Cosine similarity is a measure of similarity between two non-zero vectors of an inner product space that measures the cosine of the angle between them. Similarity = (A.B) / (||A||. ||B||) where A and B are vectors.
TF-IDF will give you a representation for a given term in a document. Cosine similarity will give you a score for two different documents that share the same representation. However, "one of the simplest ranking functions is computed by summing the tf–idf for each query term".
I have found a way for it to work. Instead of using fit_transform, you need to first fit the new document to the corpus TFIDF matrix like this:
queryTFIDF = TfidfVectorizer().fit(words)
Now we can 'transform' this vector into that matrix shape by using the transform function:
queryTFIDF = queryTFIDF.transform([query])
Where query is the query string.
We can then find cosine similarities and find the 10 most similar/relevant documents:
cosine_similarities = cosine_similarity(queryTFIDF, datasetTFIDF).flatten()
related_product_indices = cosine_similarities.argsort()[:-11:-1]
I think words variable is ambiguous. I advise you to rename words to corpus.

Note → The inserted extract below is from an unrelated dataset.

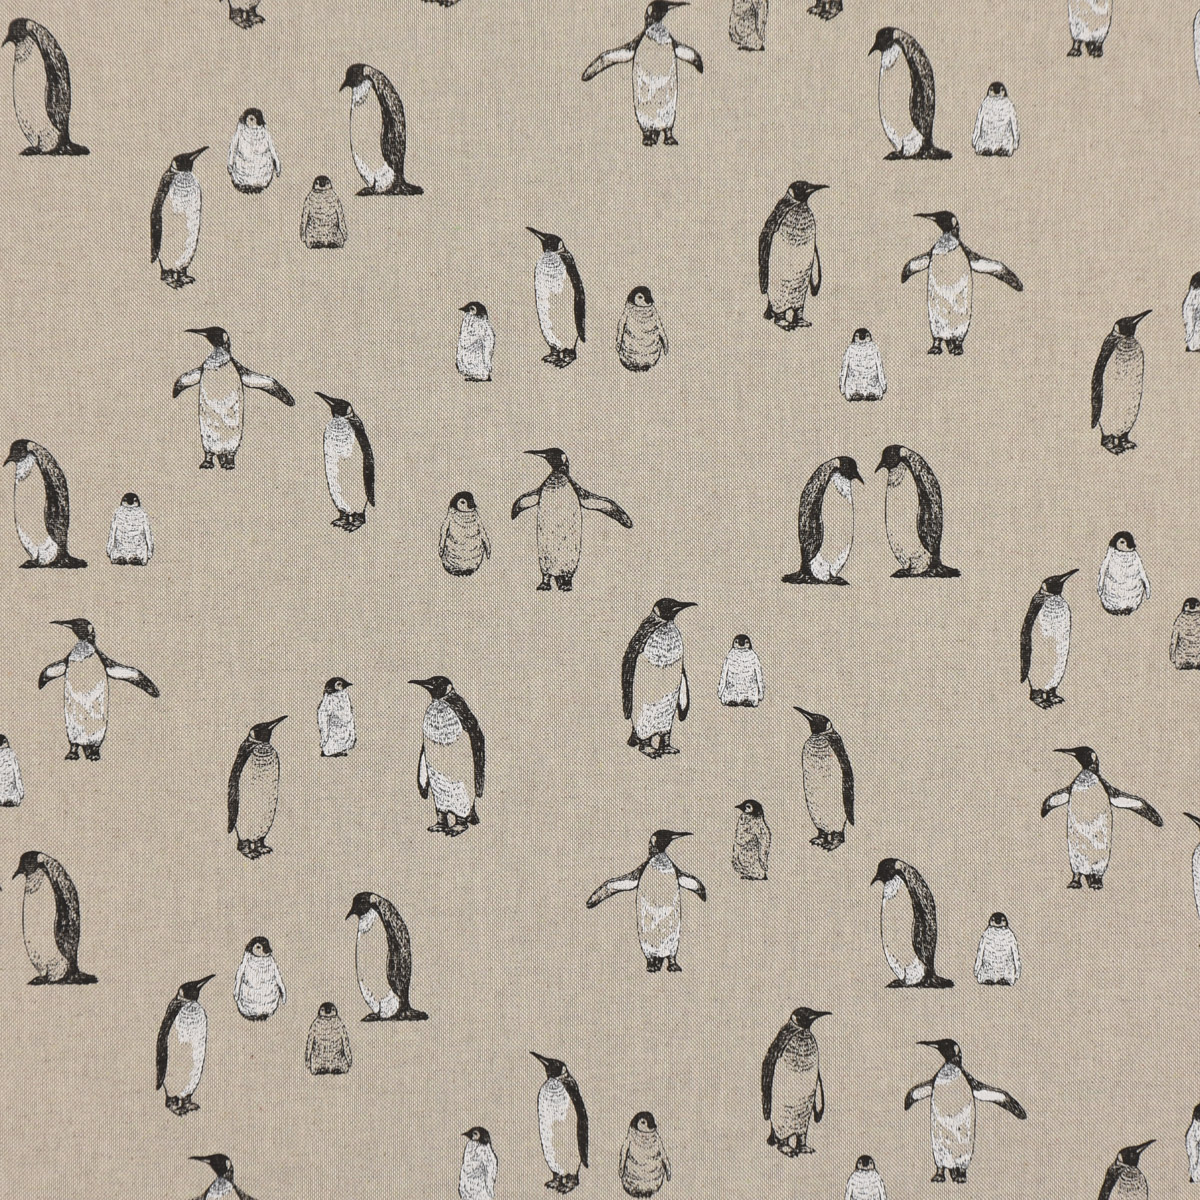 Dekostoff Halbpanama Leinenlook Pinguine Pinguinfamilie natur schwarz 1,40m Breite
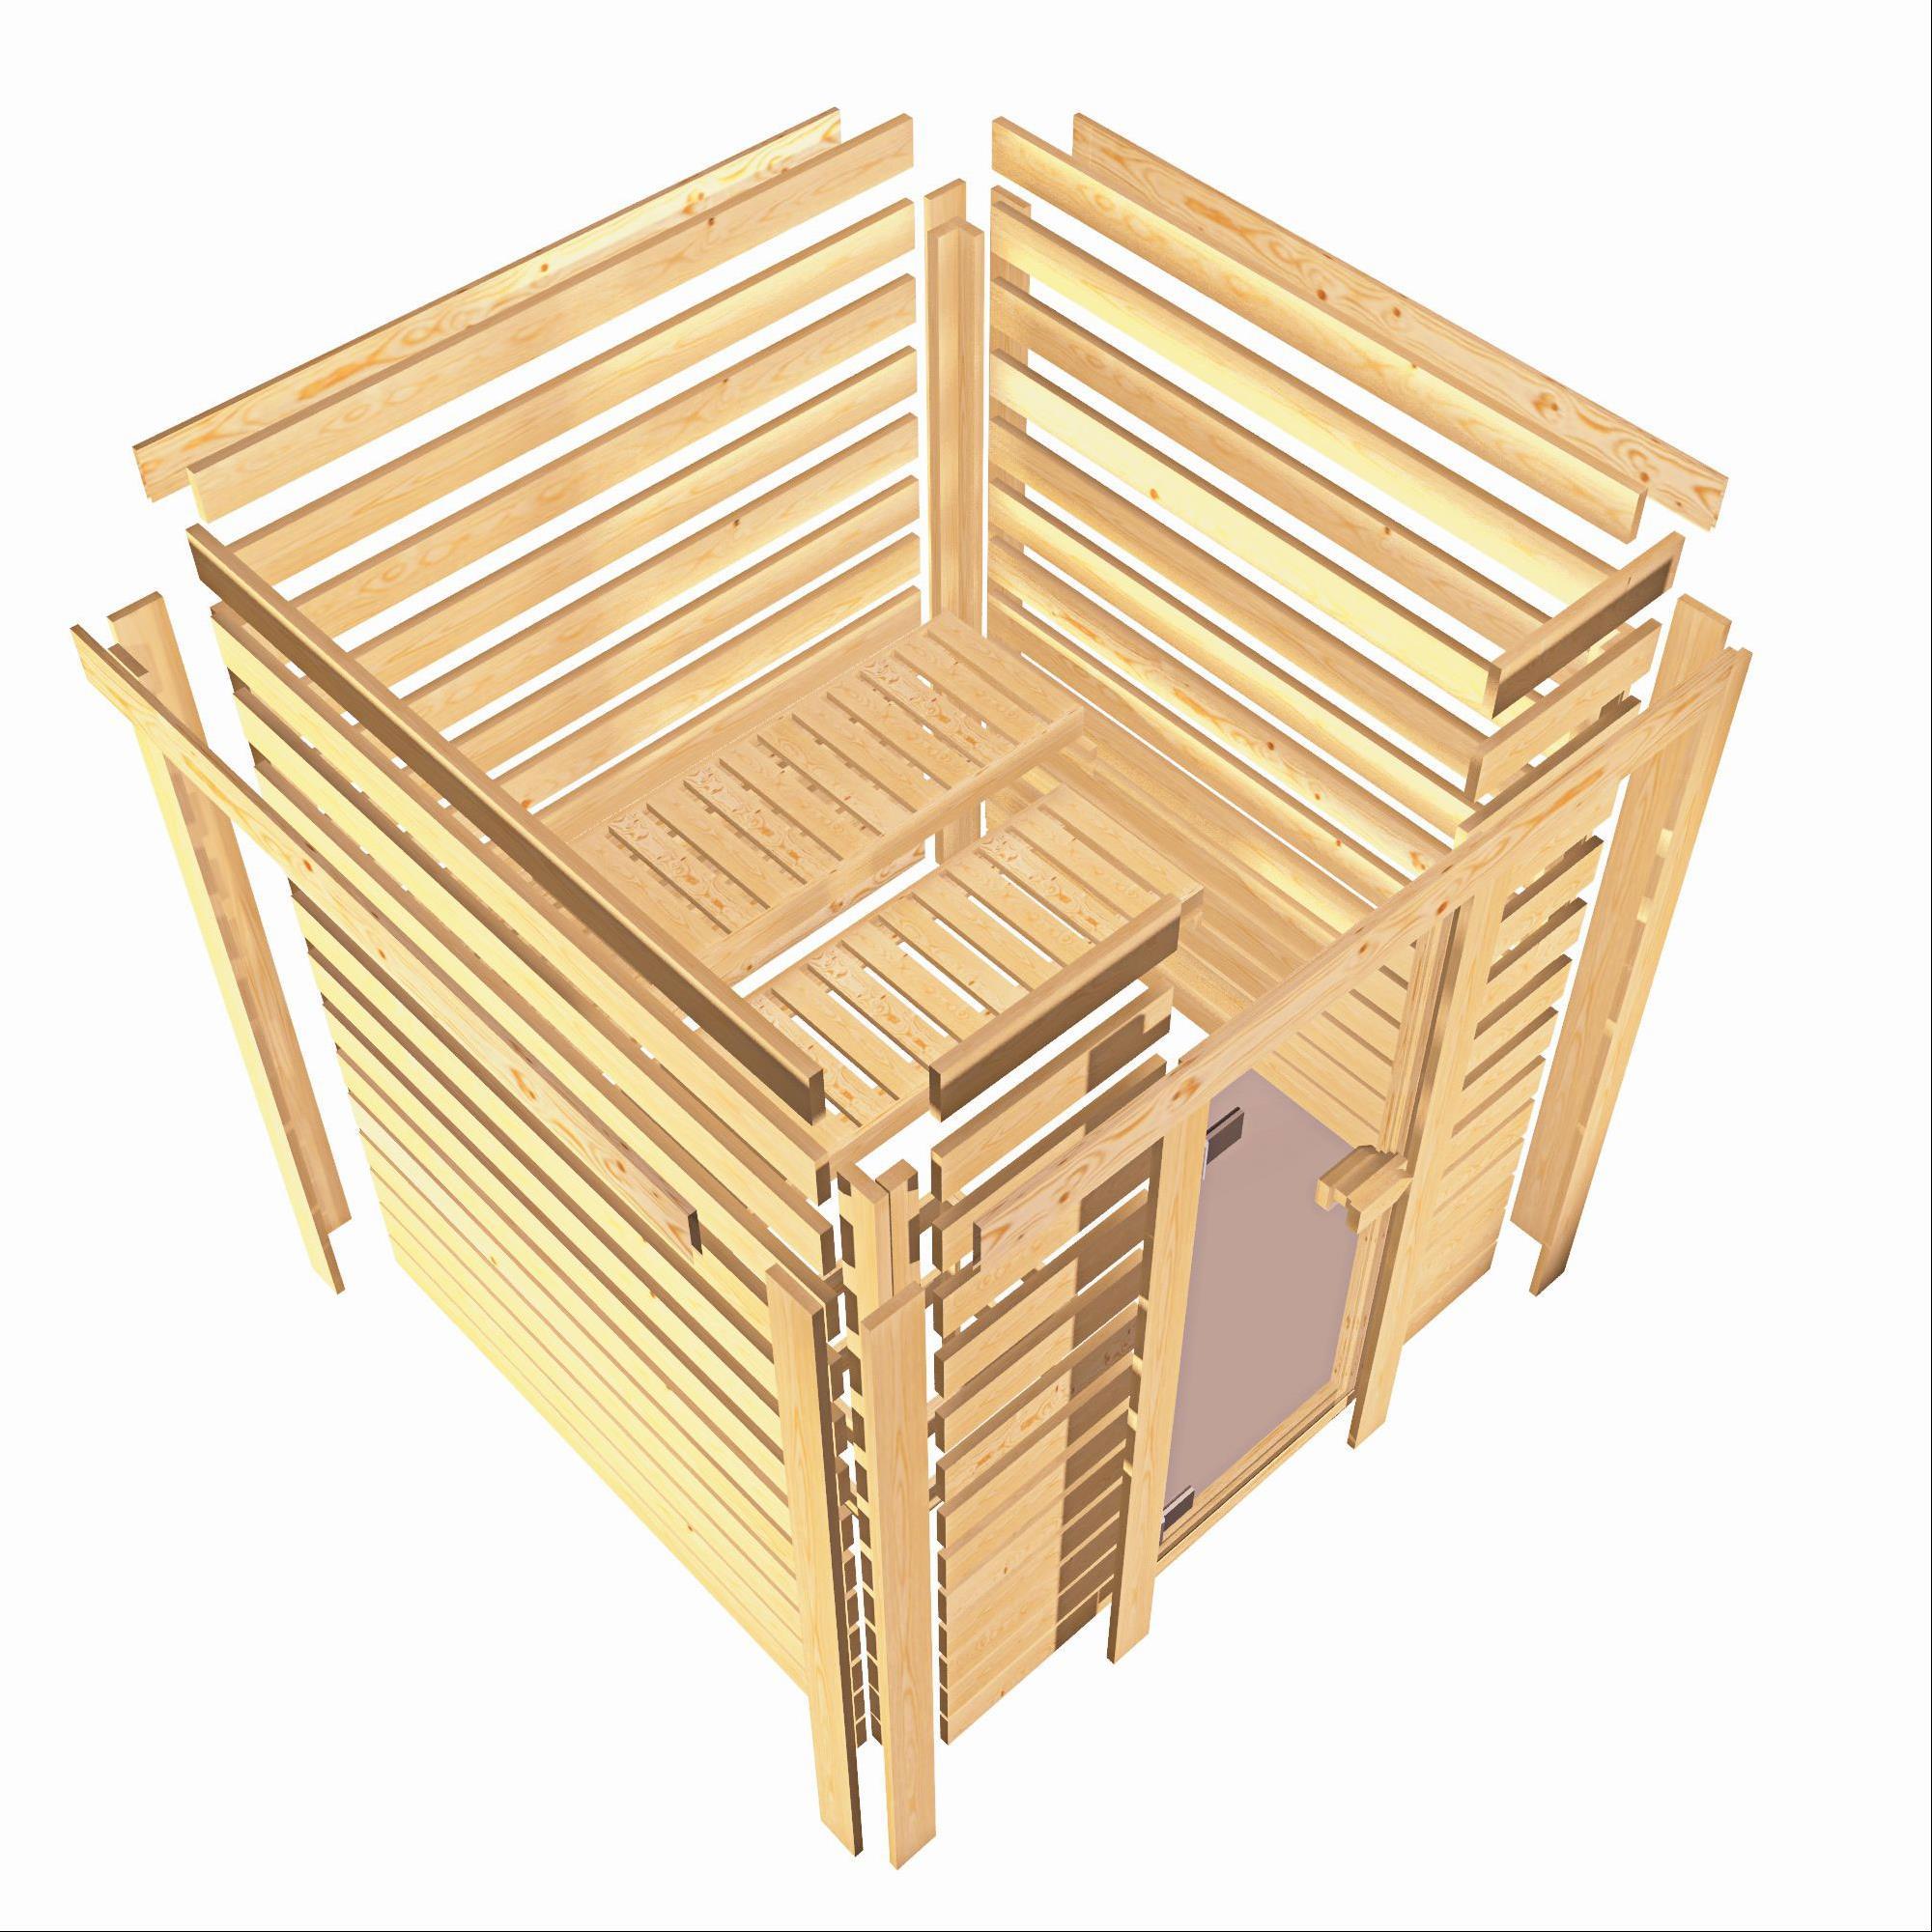 WoodFeeling Sauna Svea 38mm mit Bio Saunaofen 9 kW extern Holztür Bild 4

In fact you put all your documents in corpus variable first and after you compute your cosinus similarity.
Here an example :
tf_idf.py:
from sklearn.feature_extraction.text import TfidfVectorizer
from sklearn.metrics.pairwise import cosine_similarity
corpus = [
'This is the first document.',
'This is the second second document.',
'And the third one.',
'Is this the first document?',
]
vectorizer = TfidfVectorizer()
tfidf = vectorizer.fit_transform(corpus)
words = vectorizer.get_feature_names()
similarity_matrix = cosine_similarity(tfidf)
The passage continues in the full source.